A total of 6,387 participants were included, with a median follow-up of 14.08 years and 932 all-cause deaths recorded. In fully adjusted Cox models, higher levels of β-carotene, lycopene, vitamin C, and 25(OH)D were significantly associated with reduced mortality risk. Compared with the lowest tertile (tertile 1), the HRs (95% CIs) for all-cause mortality were 0.80 (95% CI: 0.64–1.00, P = 0.048) for tertile 2 and 0.74 (95% CI: 0.60–0.90, P = 0.003) for tertile 3 of β-carotene.
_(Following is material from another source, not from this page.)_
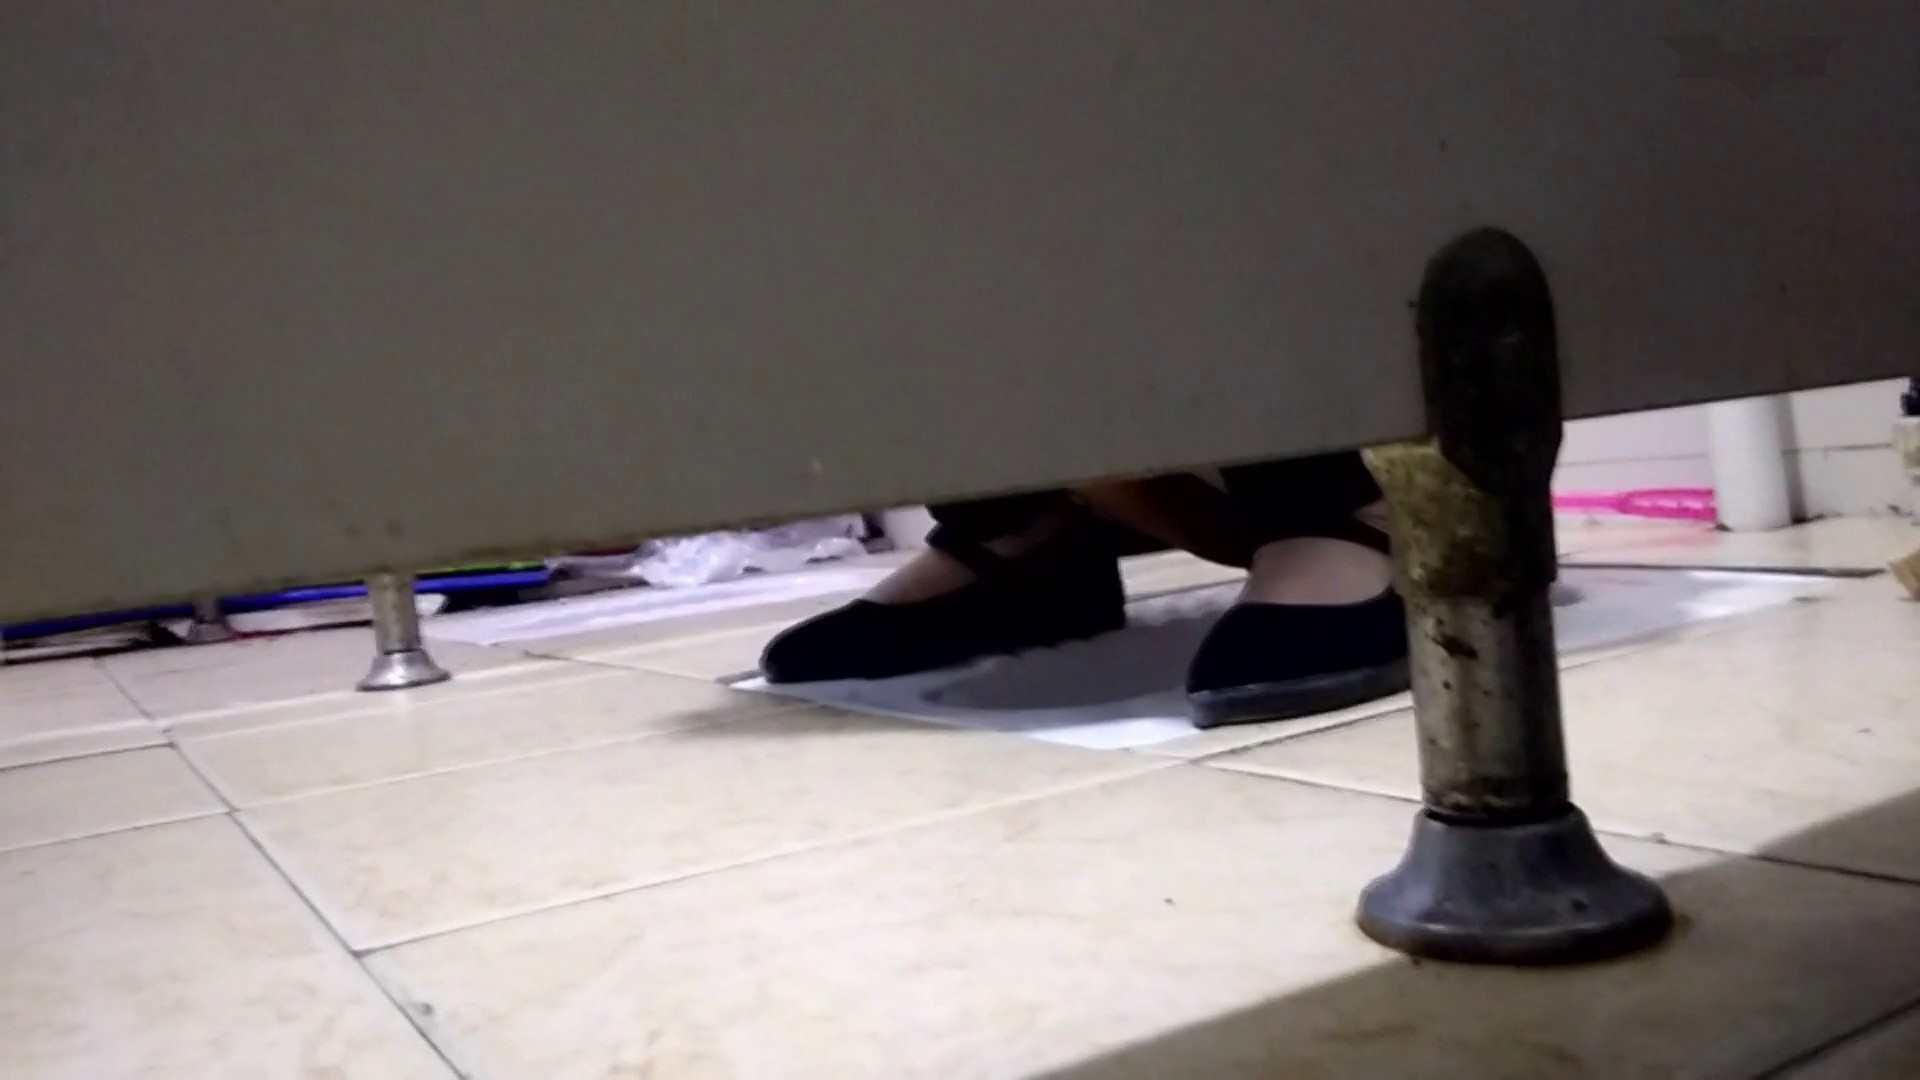 芸術大学ガチ潜入盗撮 JD盗撮 美女の洗面所の秘密 Vol.105 エッチすぎる美女  83連発 30
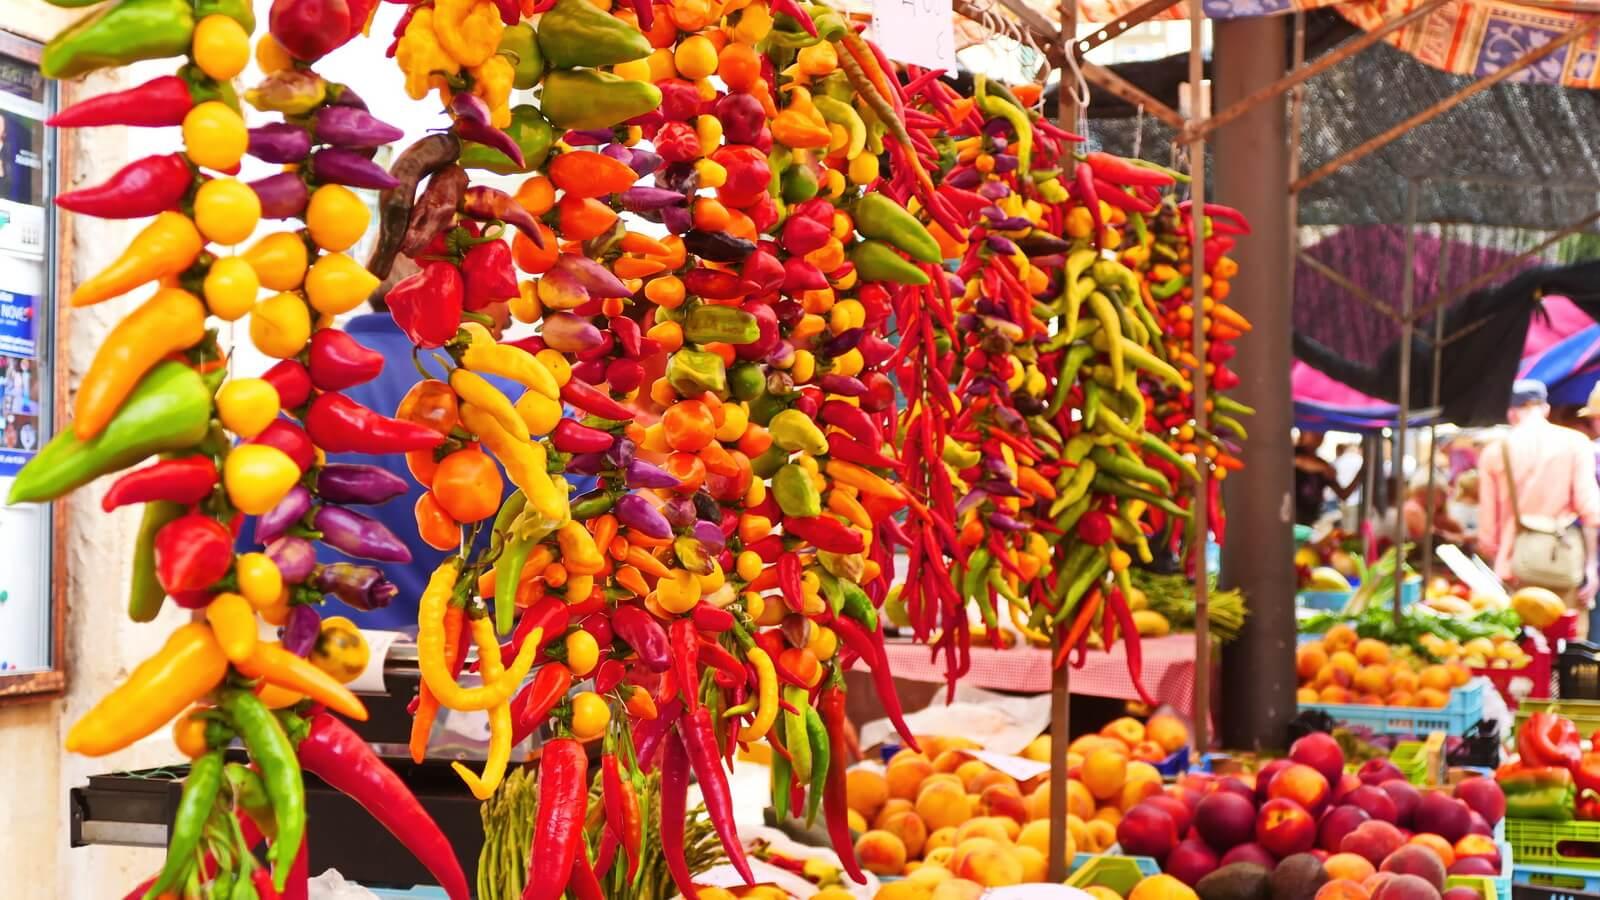 Peperoni, Mallorca, santaniy,foto-challenge

Both QGC and BKMR analyses revealed a protective joint effect of the micronutrients mixture on all-cause mortality (HR = 0.723, 95% CI: 0.646–0.809), with lycopene contributing the largest negative weight (0.455). PhenoAgeAccel significantly mediated the associations of β-carotene, lycopene, vitamin C, and 25(OH)D with all-cause mortality, with mediating proportions of 35.65%, 15.66%, 27.30%, and 6.87%, respectively.

Conclusion

Higher serum micronutrient concentrations were inversely associated with all-cause mortality, and these associations were partially mediated by decelerated biological aging. Within the micronutrient mixture, lycopene exhibited the greatest relative contribution to the overall protective effect.